Africa’s first automated microbiology lab has been unveiled in Durban. This cutting edge technology will contribute to reducing health care costs due to quicker and more efficient diagnosis of medical conditions and treatment of patients.
The state of the art diagnostic system is set to revolutionise patient diagnosis in KwaZulu-Natal. And it’s the first of its kind for microbiology in Africa.
The BD Kiestra at the Lancet Laboratories in Durban will enable the testing of different medical samples like urine and blood quicker and in a more standardised manner.
General Manager of Becton, Dickinson and Company, the developers of Kiestra, Ian Wakefield, says based on the success of Kiestra in Duban, there are plans to roll it out to Johannesburg and Pretoria soon.
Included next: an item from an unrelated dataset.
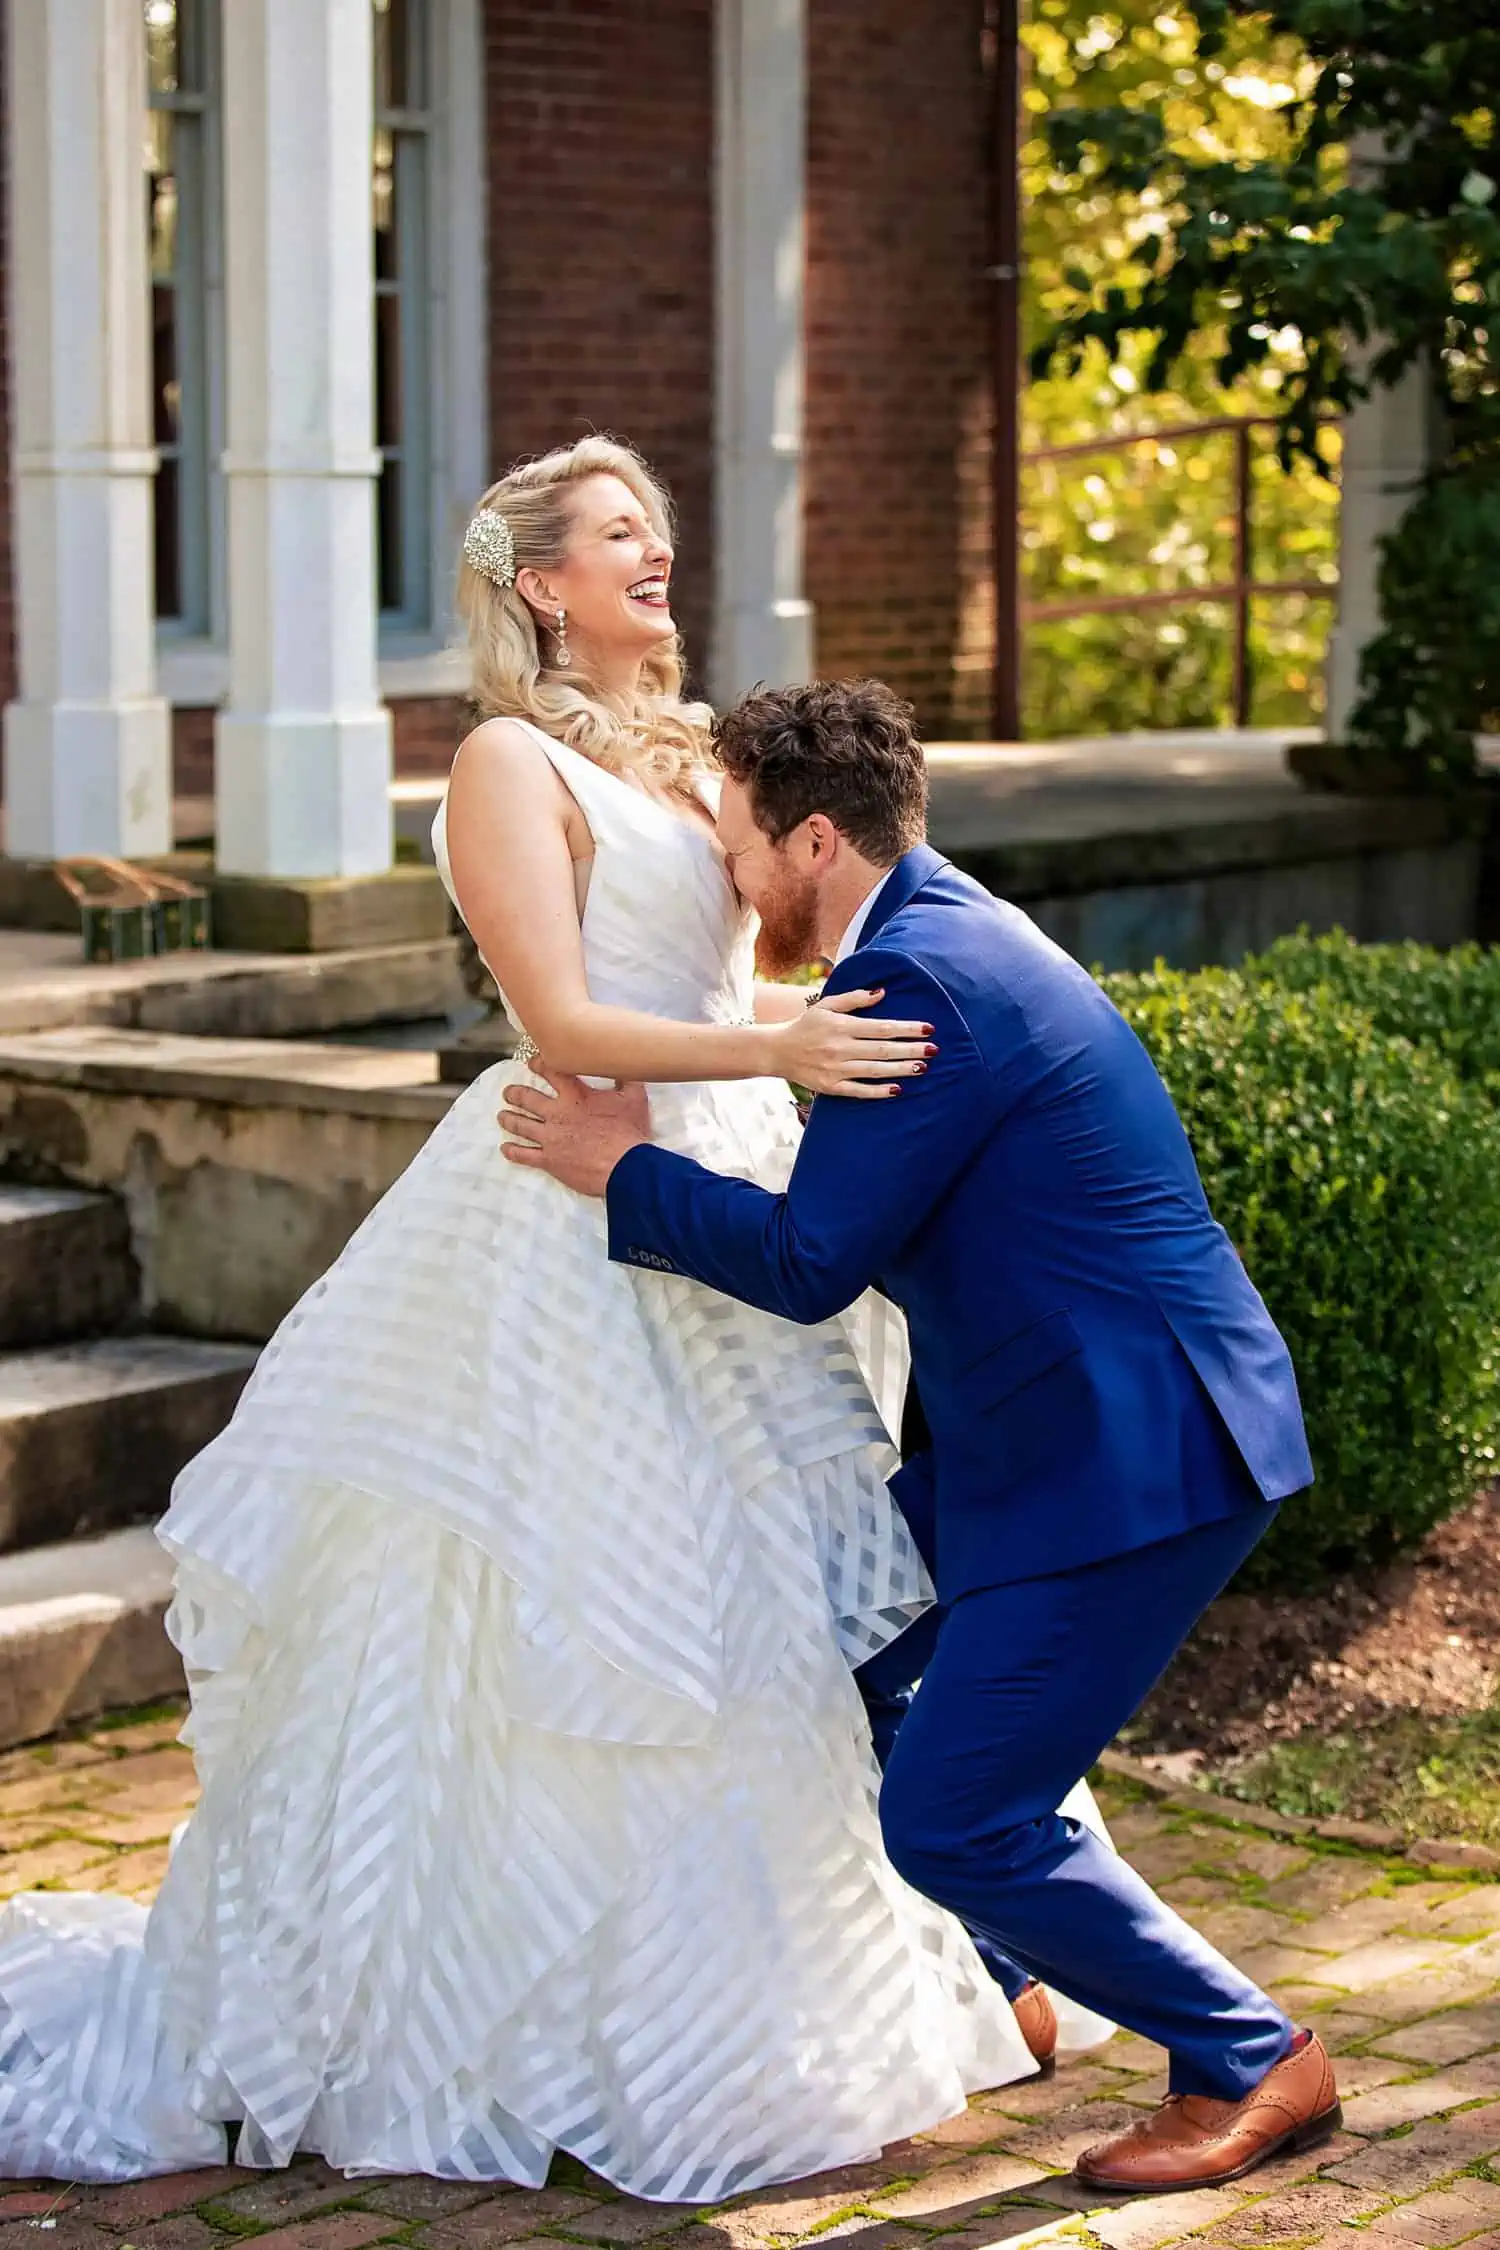 A bride and groom kissing in front of a brick house.

“As a manual method, it’s very time consuming, very laborious and requires a lot of resources to do. What it has done is firstly standardised clinical practice leading to improved quality of results. It’s really setting the tone in terms of the future of microbiology showing that through an automated system you can get better efficiencies. This is just a quote from Dr David Garner a microbiologist in the UK, who says the patients benefit from the accuracy of the results, the reliability of the results and the speed of the result.”
Dr Krishnee Moodley a medical microbiologist at Lancet laboratories says, “By speeding up the results that actually arrive by the patient’s bedside we are giving the doctor appropriate antibiotic choices so he is able to step down from the broader more expensive antibiotics to the narrow spectrum more appropriate for the patient and patients are able to respond quicker and discharged faster.”